Ganz wenige Menschen werden gar kein Reich der Herrlichkeit erlangen, sie werden mit dem Satan in die „äußerste Finsternis” geworfen. Diese werden Söhne des Verderbens genannt. Ein Sohn des Verderbens wird jemand, der durch die Macht des Heiligen Geistes die volle Gewissheit erlangt hat, dass Jesus der Sohn Gottes und der Erlöser ist, und der diesen Umstand und alles was dazu gehört, willentlich und wissentlich leugnet und bekämpft.

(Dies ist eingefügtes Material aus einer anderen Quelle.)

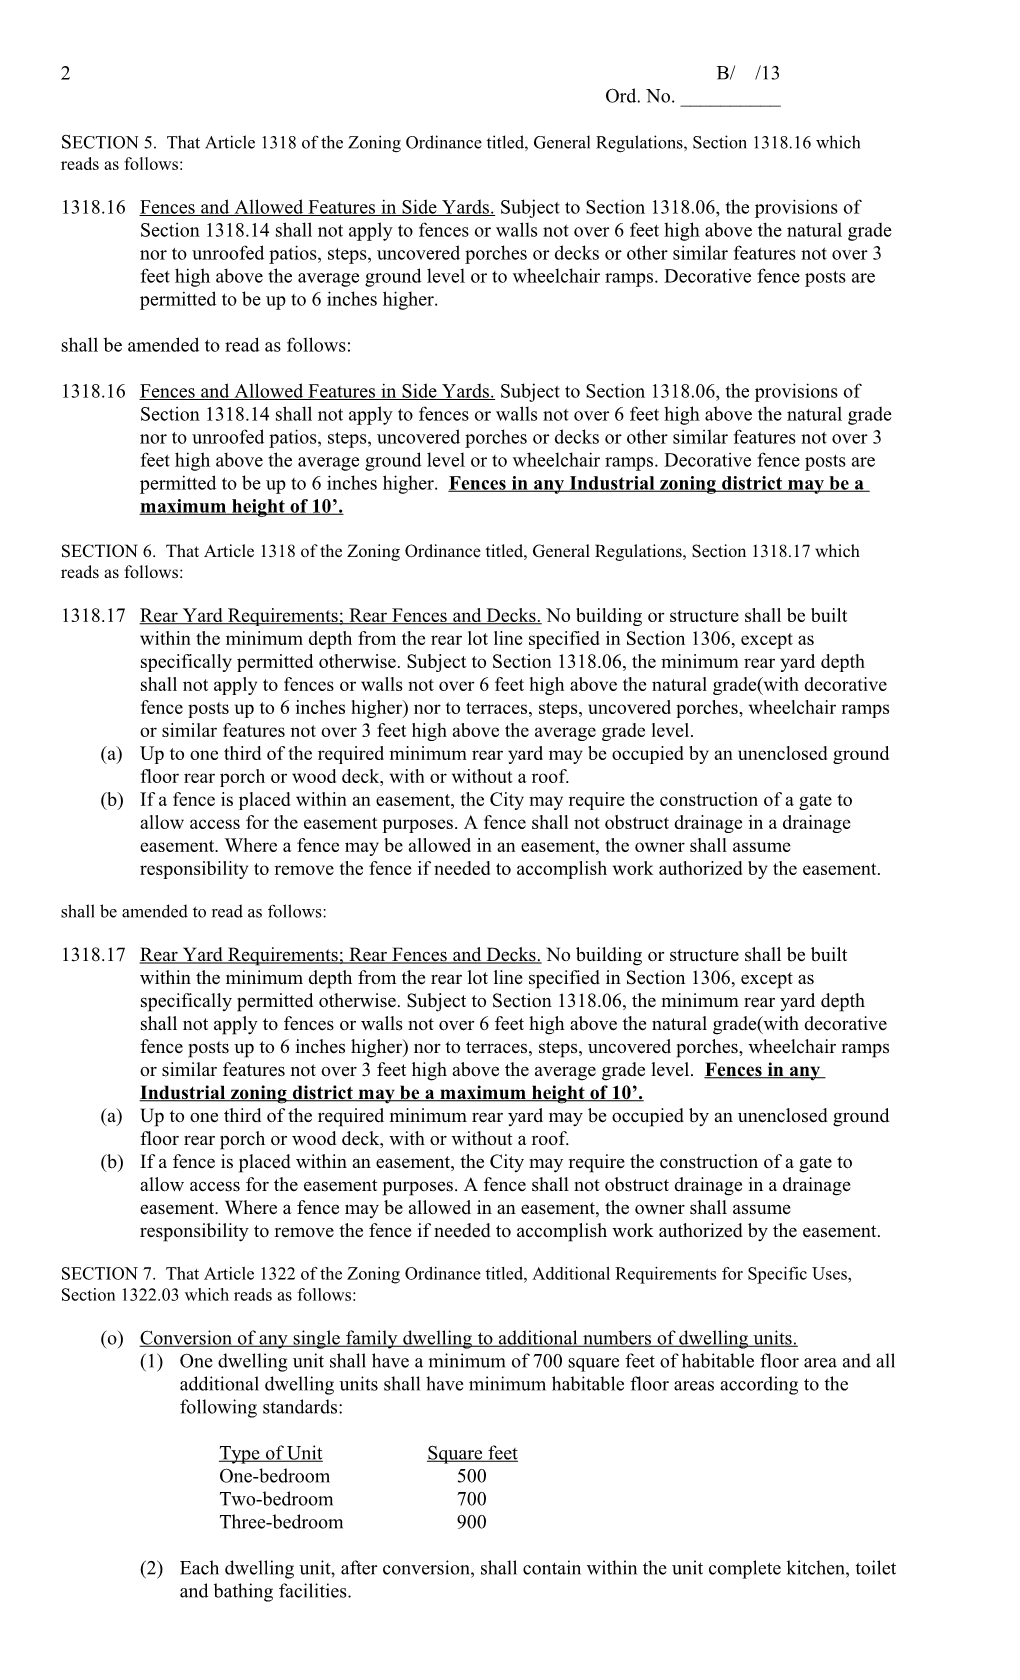 Draft for Public Hearing #2 August 20, 2013

Heute werden in der Kirche in der deutschen Sprache die obigen Bezeichnungen verwendet. Diese wurden direkt von den englischen Bezeichnungen übernommen, wie sie Joseph Smith eingeführt hat. Dabei sind die Begriffe celestialund terrestrial wiederum aus dem Lateinischen übernommen und bedeuten wörtlich himmlisch bzw. irdisch. Das Word telestial bedeutet fern von Gott. Früher waren bei den deutschsprachigen Kirchenmitgliedern auch die Bezeichnungen „Himmlische Herrlichkeit”, „Irdische Herrlichkeit” und „Unterirdische Herrlichkeit” gebräuchlich.